TL;DR: Given recent news about misconfigured Kubernetes clusters, it’s a great time to review best practices for ensuring the security configurations for your own Kubernetes network. Read on to learn more.

Researchers recently discovered some 900,000 Kubernetes clusters that were potentially exposed to malicious scans and data theft during a threat-hunting exercise. The vast majority of those clusters responded with 401 Unauthorized or 403 Forbidden errors, and while that’s better than being completely exposed, it doesn’t mean that they’re necessarily configured properly. Any time a number like that hits the headlines, cybersecurity professionals can feel that familiar twist in their stomach: please don’t let that number include me.   

Let’s take a look through the eyes of an attacker at a Kubernetes environment. First, it’s important to understand that Kubernetes utilizes HTTP and HTTPS APIs for communication between its various components. The APIs are well documented and transparent, meaning the APIs we’ll be using are the same ones the Kubernetes components use. There are no hidden APIs that get used behind the scenes which makes enumeration fairly and interacting with Kubernetes straight forward. 

Our generalized attack flow will be: identify IPs hosting possible Kubernetes components, enumerate against default Kubernetes ports, determine the version of Kubernetes running, check the cluster for vulnerabilities or misconfigurations and finally exploit the vulnerabilities.   

As mentioned in the above article, identifying Kubernetes clusters can be done with online scanners like Shodan.io. A few default Shodan queries include: 

  • title:”Kubernetes Dashboard” 
  • product:kubernetes 
  • Kubernetes 

For a more targeted attack, an IP address, GET requests and knowledge of the Kubernetes API is all you need. The responses from GET requests can indicate whether or not Kubernetes is running on a given port. For the rest of this article, we’ll be using a cluster set up in our development lab and deliberately misconfigured. We’ll use ‘curl’ to send a GET request to the default Kubernetes API server port (6443) and check the response. Initially we get a ‘403 Forbidden’ error. The message “forbidden: User \”system:anonymous\” cannot get path” is a hint that the request was blocked by Kubernetes Role-based Access Controls (RBAC) as ‘system:anonymous’ is a built-in Kubernetes user and is used when an authenticated user or service account isn’t used to make the request. 

A GET request to the default Kubernetes API server port (6443) to check the response.

A GET request to the default Kubernetes API server port (6443) to check the response.

Let’s make the same request but this time ask ‘curl’ to display the response headers as well using the ‘-i‘ flag. 

An additional request, asking ‘curl’ to display the response headers as well as the ‘-I' flag.

An additional request, asking ‘curl’ to display the response headers as well as the ‘-I’ flag.

While we still get the same 403 Forbidden response back, there are two headers that stand out in the response: ‘x-kubernetes-pf-flowschema-uid’ and ‘x-kubernetes-pf-prioritylevel-uid’. These headers are included in responses from default Kubernetes deployments. An additional method to identify a cluster is to inspect the Subject Alternative Name (SAN) in the SSL certificate being used. If the certificate is a self-signed certificate generated by Kubernetes during its deployment, you’ll see something similar to the following: “DNS:kubernetes, DNS:kubernetes.default, DNS:kubernetes.default.svc, DNS:kubernetes.default.svc.cluster.local”.  

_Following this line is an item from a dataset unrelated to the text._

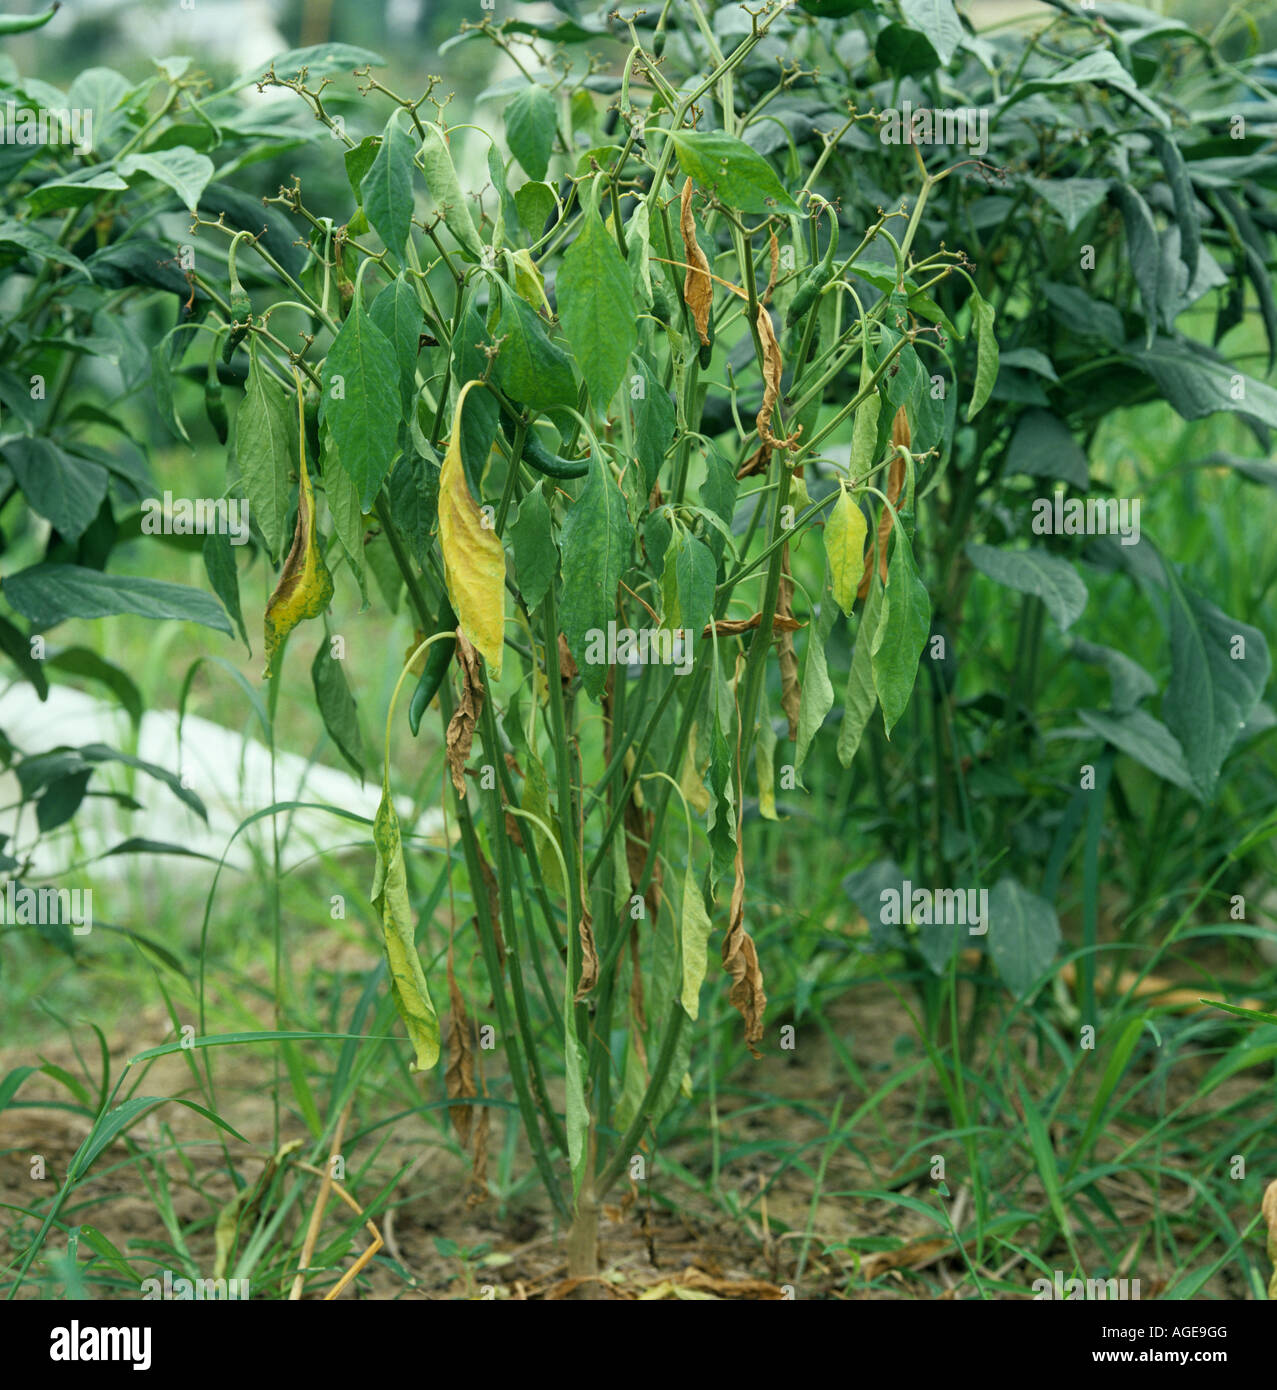 Bacterial wilt Pseudomonas solanacearum on mature capsicum chili pepper plant Thailand Stock Photo

Now that we, the attackers, have identified a Kubernetes cluster, we’ll again use ‘curl’ to see if we can determine the version of Kubernetes that is deployed. There are two API resources we’ll check. The first is the API server running on port 6443 and the other is the kubelet with runs by default on port 10250 (HTTPS). First we’ll check the API server to see if it leaks the version information. 

Checking the API server to see if it leaks the version information.

Checking the API server to see if it leaks the version information.

Looking at the output, we see the major, minor, and gitVersion listed. This tells us that we’re running Kubernetes 1.24.3. Now let’s try the kubelet component to see if we can get it to respond. If it responds, there’ll be a flood of information. We can narrow down the output to the version information by using ‘grep’.  

Narrowing down the output to the version information using ’grep’.

Narrowing down the output to the version information using ’grep’.

Here again we see the git_version in the output with the value of “v1.24.3”. Why is the version information important to an attacker? Well, the Kubernetes APIs are ever evolving and improving as new features are added and old APIs are deprecated. This means that the Kubernetes components are sensitive to version skew. Attackers can use the Kubernetes command-line tool, kubectl, to interact with a vulnerable cluster. They’ll want to make sure that the version of kubectl they are using matches with the major and minor version of the cluster they are attacking as this will eliminate any issues they may encounter due to changed APIs.  

Getting a response from the kubelet indicates that it is misconfigured. The kubelet is a Kubernetes component that runs on each node as the primary “node agent.” It communicates with the API server and is responsible for ensuring the containers on that node are running and healthy. A kubelet with open access means an attacker may have the ability to read information about the pods on a node or read the logs of the containers. Worse yet, the attackers may be able to run arbitrary commands inside of the existing containers or to start containers of their own. 

Using ‘curl’ we can get a list of pods on the node. We’ll use ‘jq’ to clean up the output and extract only the pod names. 

Using ‘jq’ to clean up the output and extract only pod names.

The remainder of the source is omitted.